Optimizing Python Scripts

Python on HPC can be really slow sometimes. here are some tips

Look at different compile options

https://www.youtube.com/watch?v=umLZphwA-dw

https://numba.pydata.org/

Fast Numpy Operations

avoid code where you step through an array in a python loop

incoherent_sum = 0 for bl_idx in baselines: incoherent_sum += vis_hdu.data.data[bl_idx, ..., 0] + 1j * vis_hdu.data.data[bl_idx, ..., 0]

instead, try to reshape your problem into a multi-dimensional array mask that can be passed into numpy all at once, and use faster numpy math.

data = vis_hdu.data.data[..., 0] + 1j * vis_hdu.data.data[..., 1] incoherent_sum = np.sum(data[baselines])

Local Storage

Sometimes, reading a fits file from scratch via astropy can be quite slow.
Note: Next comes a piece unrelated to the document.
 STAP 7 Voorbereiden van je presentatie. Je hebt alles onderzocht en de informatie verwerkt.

You can slightly modify your slurm scripts to speed this up.

It can be faster to copy the file to local storage first, then read the file with astropy. There are two local storage options:

  • /dev/shm (available space depends on memory capacity of the node)
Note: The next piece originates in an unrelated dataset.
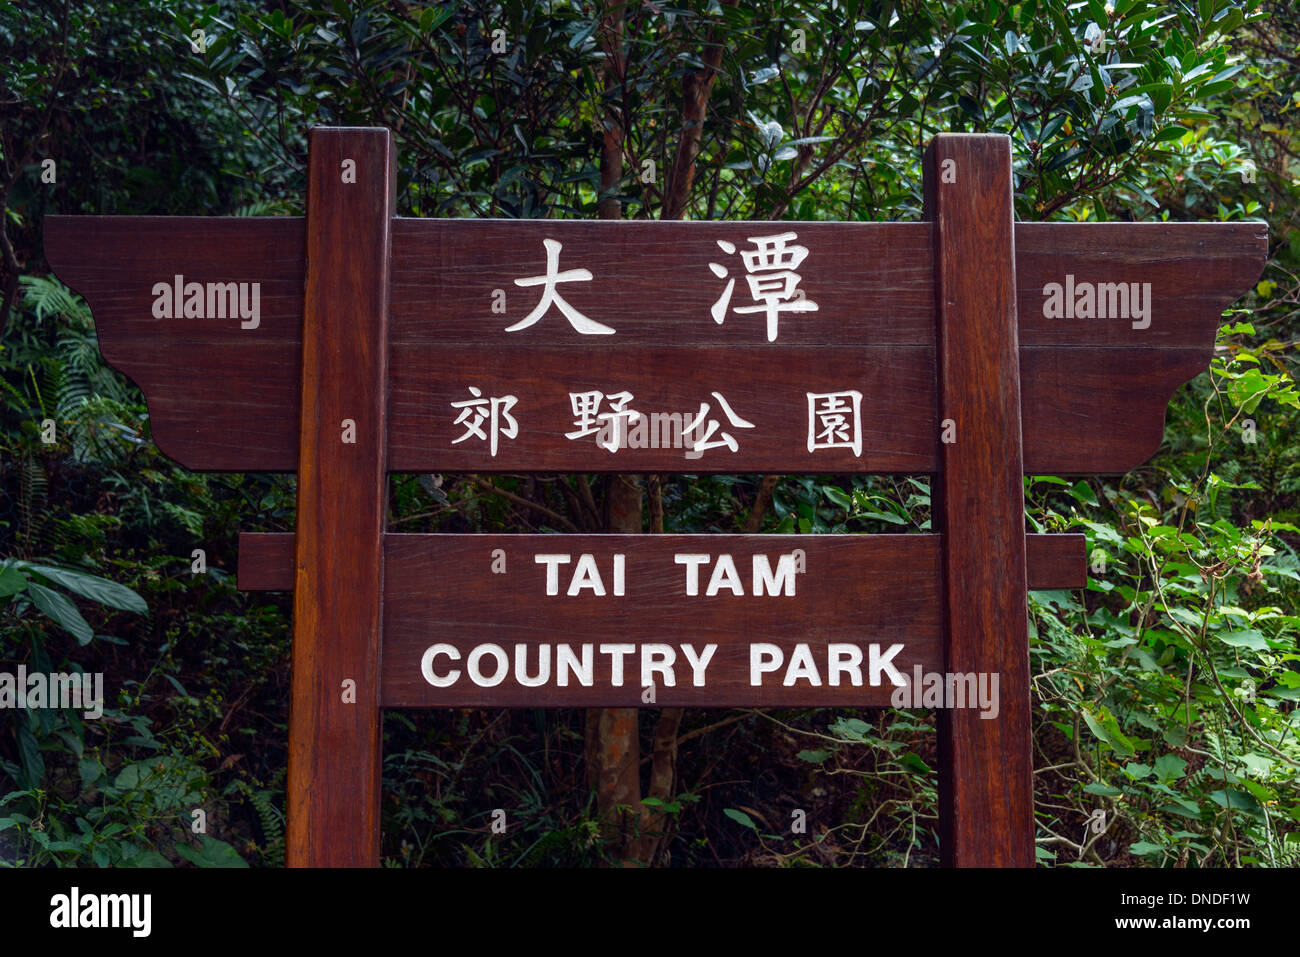 Tai Tam Country Park Sign, Hong Kong Stock Photo

  • /nvmetmp (not available on setonix, up to 1TB on Garrawarla)

Shared Memory

/dev/shm is a directory mounted directly in memory, so you need to request enough memory to contain multiple copies of the file.

#!/bin/bash #SBATCH --mem=100G ... cd /dev/shm; mkdir deleteme; cd deleteme; # copy from scratch to local cp /scratch/foo/bar.uvfits . # run analysis on local file python baz.py ./bar.uvfits # copy results back to scratch cp baz.out /scratch/foo

NVMe

/nvmetmp space is only provided when requesting --tmp in slurm.